The cookie is also a gifted baker, and this skill, combined with King-Lu’s entrepreneurial determination and pilfered milk, causes a fateful change of situation. Their “oily cakes” – nuggets of fried dough topped with honey and a little cinnamon – become the Cronuts of Fort Tillicum, drawing lines of customers eager to spend hard-won riches on a piece of fried dough. Cakes remind a customer of something their mother was doing. For the main factor, they are a taste of England. They remind the public that luxury can be a necessity, that pleasure is a basic requirement of the species, as necessary as shelter or bread.

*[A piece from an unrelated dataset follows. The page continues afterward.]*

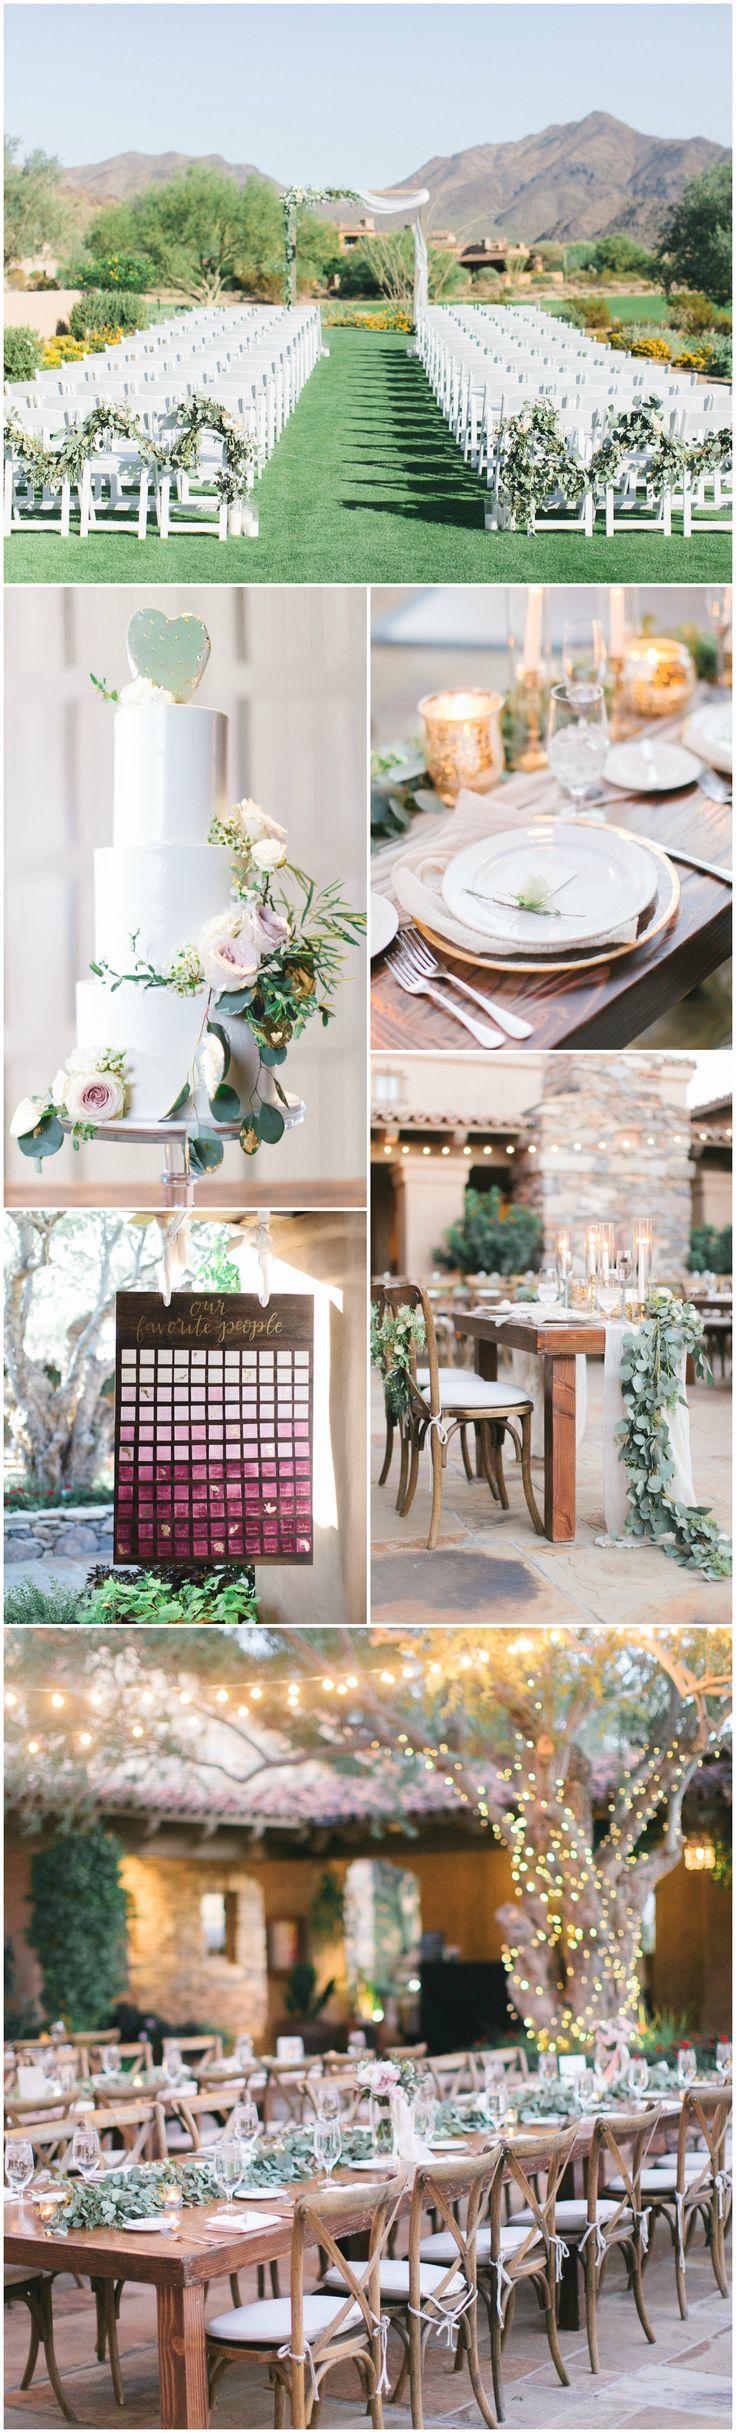 Phoenix, Arizona wedding, green lawn, hanging white lights, farm tables, cactus cake, wooden x-back chairs, eucalyptus leaves // Andrew Jade Photo

And the pleasures of “First Cow” are deep and substantial. Reichardt’s style is direct and restrained, sometimes to the point of austerity, but at its best – in “Old Joy”, “Wendy and Lucy” and in this, perhaps her most beautiful feature so far – she finds a poetic resonance rich in clear, hardly visible images and words. (The rough and pictorial cinematography is by Christopher Blauvelt). And also a vein full of humor. The pomposity of the main postman and his entourage, who speak of Parisian fashion and military discipline, is ridiculous (but also potentially fatal). The occasional sweet feuds that bubble between Cookie and King-Lu have their own charming nonsense, as if Robert Altman is directing an episode of “The Odd Couple” written by Samuel Beckett.
Lee and Magaro are relaxed and attractive performers, and they work in a natural and relaxed counterpoint. King-Lu draws Cookie from his melancholy distrust, while Cookie calms down part of his friend’s agitation. Due to an introductory scene that takes place over several years – an implicit link between this film and “Wendy and Lucy”, starring Alia Shawkat – we suspect that something terrible will happen to them, but this omen points to both the comedy and the tenderness of the time we spend in their company.

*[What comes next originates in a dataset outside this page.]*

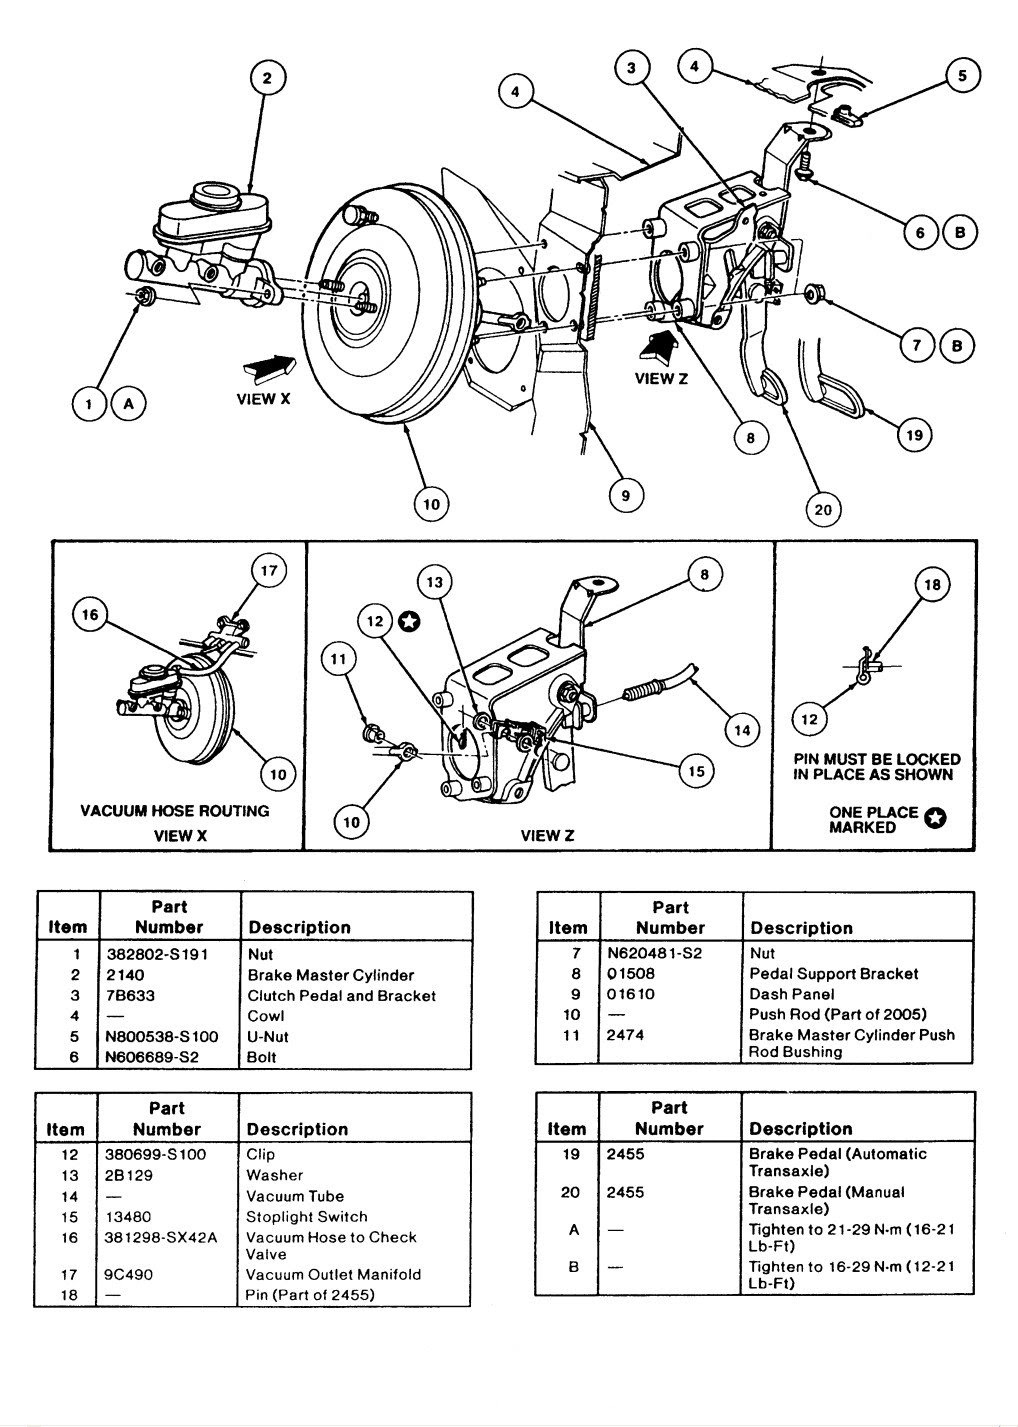 Brake System And Vacum Leak Taurus Car Club Of America Ford Taurus Forum

It also crystallizes Reichardt and Raymond’s ideas on history and politics – on how the simplest companies trap people in complex relationships of power and competition. “First Cow” is basically a western: it tackles the questions of civilization, solidarity and barbarism on the American border. And like many great westerns, he criticizes some of the founding myths of the genre with beautiful and strong rigor, including the myth of heroic individualism.
Blake’s quote could be written by one of Walt Whitman’s, who wrote that “whoever walks a long distance without sympathy goes to their own funeral dredge in their shroud”.
First cow
Classified PG-13. Some difficult cases. Duration: 2 hours 1 minute.